Handling Common Database Failures (Sun Java System Calendar Server 6 2005Q4 Administration Guide)

Sun Java System Calendar Server 6 2005Q4 Administration Guide

Handling Common Database Failures

This section covers a few of the common database failures and includes some suggested remedies. It contains the following topics:

csadmind Won’t Start or Crashes During Startup

Since csadmind is the service that handles both the group scheduling engine (GSE) and the alarm dispatch engine, this could have been caused by offending entries in the GSE queue or the alarm queue.

Remedies:

If csadmind is not running, issue stop-cal immediately.

Leaving calendar server running could cause transaction logs to accumulate, which could further corrupt the database, and could take much longer to reconcile the transaction log files to the database.

Try restarting csadmind again (issue start-cal again).

If it starts successfully, make sure the two queues are functioning by:
1. Checking the GSE queue using csschedule.
2. Checking the alarm queue using dbrig.
  
  For instructions on running csschedule and dbrig, see Appendix D, Calendar Server Command-Line Utilities Reference.

If csadmind crashes with a dump, analyze the pstack.

If you notice any GSE related functions in the trace (they will have the letters GSE in them), look at the first entry in the GSE queue and the referenced entry in the events database. Most of the time, the event referred to in the GSE entry is the offending entry. To fix this problem:
1. Remove the GSE entry using csschedule.
2. Remove the offending event from the database using cscomponents.
  
  For instructions on running csschedule and cscomponents, see Appendix D, Calendar Server Command-Line Utilities Reference.

If the entries are not corrupted, then it could be a special case that the calendar server could not handle.

Take the following steps:
1. Take a calendar environment snapshot of the corrupted database, and contact customer support.
  
  To create an environmental backup:
  1. Use the db_checkpoint utility found at:
    
    cal_svr_base/SUNWics5/cal/tools/unsupported/bin/db_checkpoint
  2. Run db_archive -s.
    
    Use the -s option to identify all the database files and copy them to a removable medium, such as CD, or DVD, or tape.
  3. Run db_archive -l.
    
    Use the -loption to identify all the log files and copy unapplied log files to a removable-medium device.
2. To avoid service interruptions, place your calendar database into a read-only state temporarily, and revert to a hot backup copy.
  - Placing your calendar database into a read-only state temporarily prevents any add, modify or delete transactions from taking place.
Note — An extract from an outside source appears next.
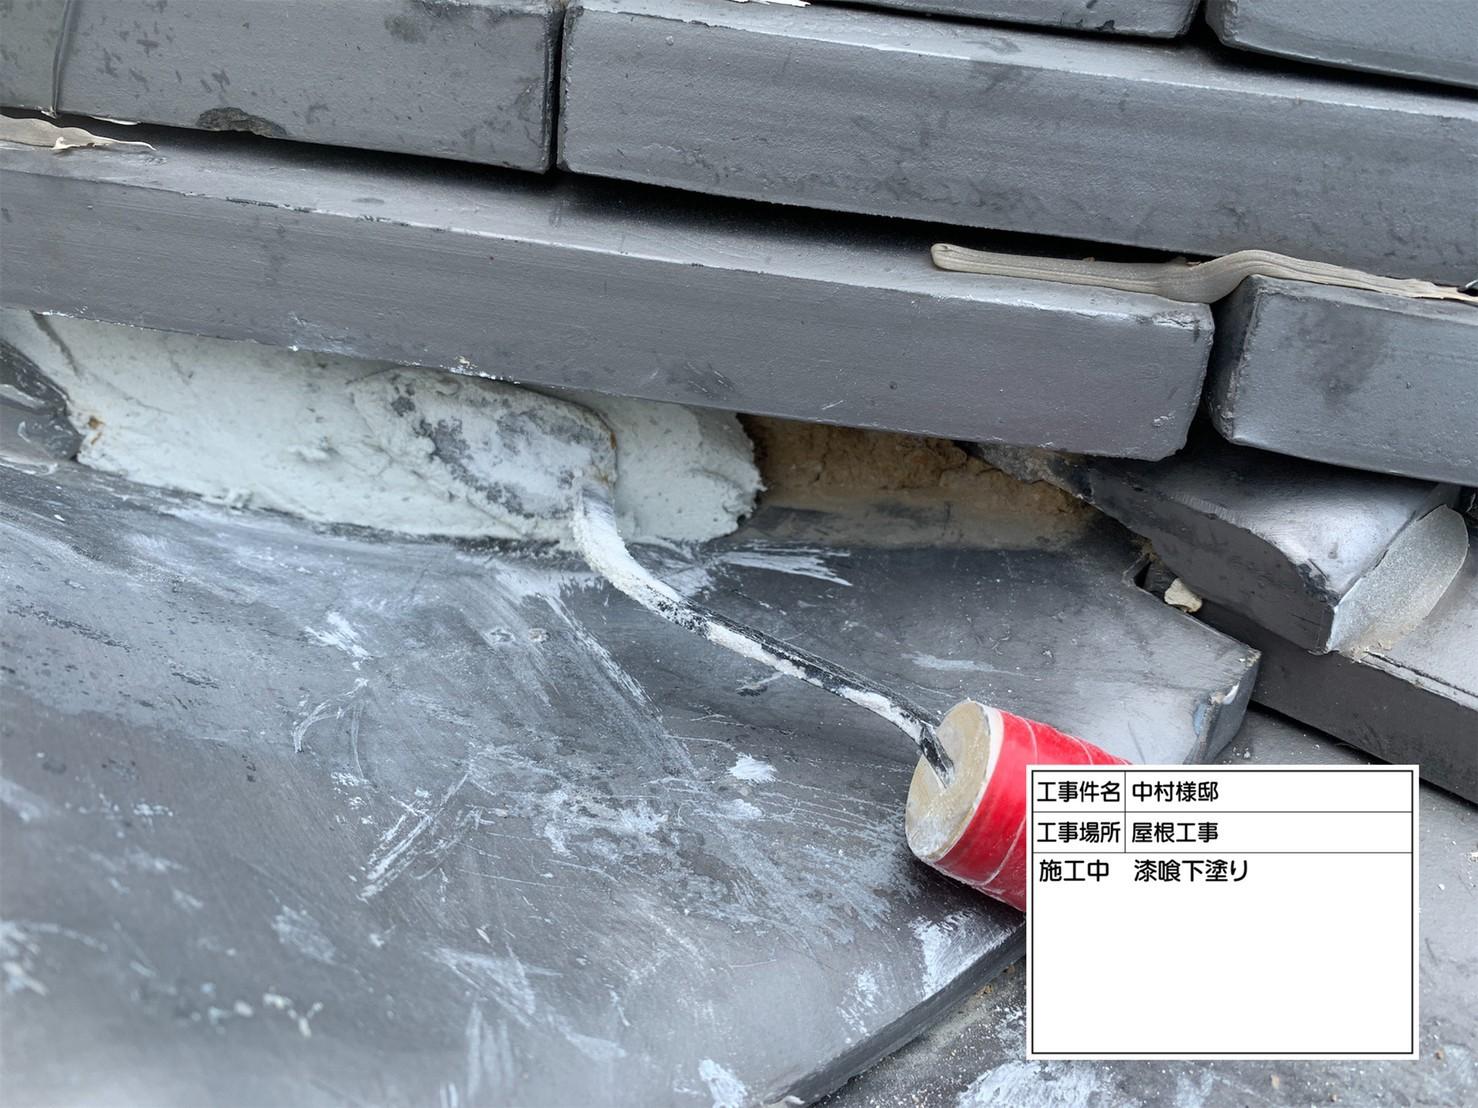 神戸市西区で瓦屋根に漆喰を塗っている様子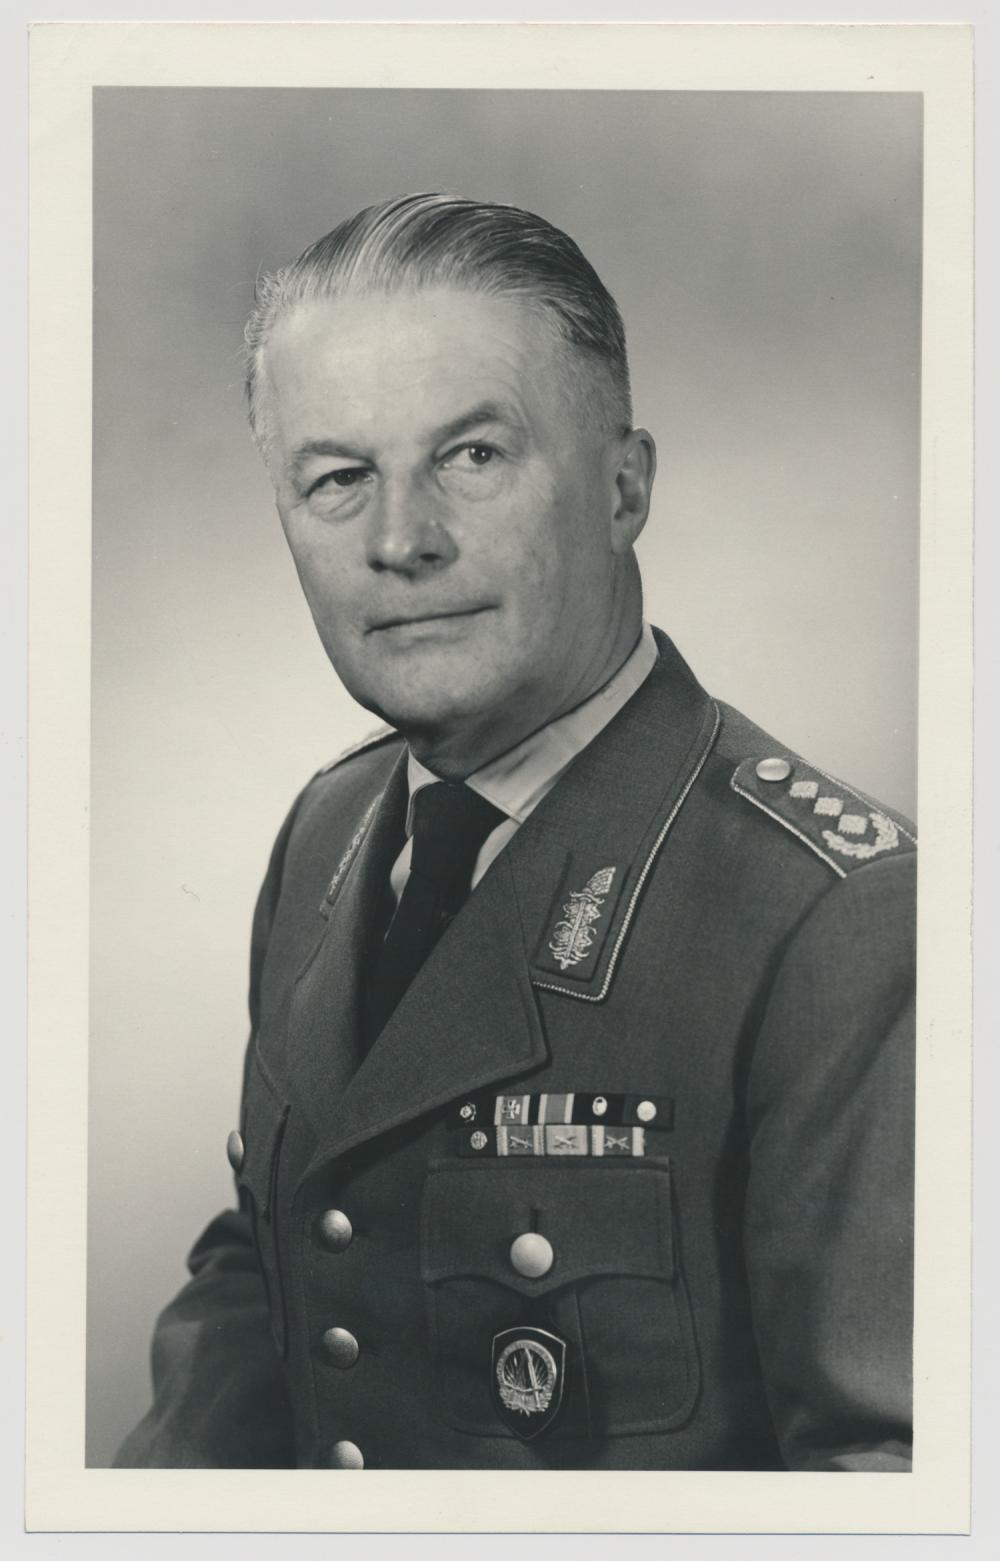 BURKHART MULLER-HILLEBRAND

End users will get an error message when they try to add, modify or delete any calendar data. Administrator tools that add, modify or delete calendar events and todos also will not work while the database is in read-only mode.
    
    To put your calendar database in read-only mode, edit the ics.conf file and set the following parameter to “yes”, as shown:
    
    caldb.berkeleydb.readonly=”yes”
  - Revert to a hot backup copy, using the instructions found in Restoring an Automatic Backup Copy.
    
    With csstored configured and enabled, a hot backup is available that should be within minutes of being up-to-date. You should always verify your hot backup copy to make sure it is not corrupt also. (Run db_verify.)

If all else fails, perform the dump and reload procedure to see if it can salvage the database.

This procedure is described in Using the Dump and Load Procedure to Recover a Calendar Database.

Services Hung, and End Users Can’t Connect–Orphaned Locks

This condition may be caused by a control thread, which holds a Berkeley DB database page lock, quitting without releasing the lock. To confirm the problem, run pstack on cshttpd processes and csadmind. (pstack is a standard UNIX utility found at: /usr/bin/pstack) It should show threads that are waiting to acquire a lock.

To fix the problem, restart Calendar Server, as follows:

Change to the directory where start-cal resides.

cd cal_svr_base/SUNWics5/cal/sbin

Issue the start-cal command.

./start-cal

csdb rebuild Never Finishes–Database Looping

Database looping is usually caused by corruption in the database files. Since it is a database corruption, it can be unrecoverable. There are several options:

Revert to the hot backup.

If the corruption occurred recently, you can use one of your hot backups.

Use your catastrophe archival recovery process.

For a suggested process, see Restoring an Automatic Backup Copy.

Use the dump and reload procedure, Using the Dump and Load Procedure to Recover a Calendar Database.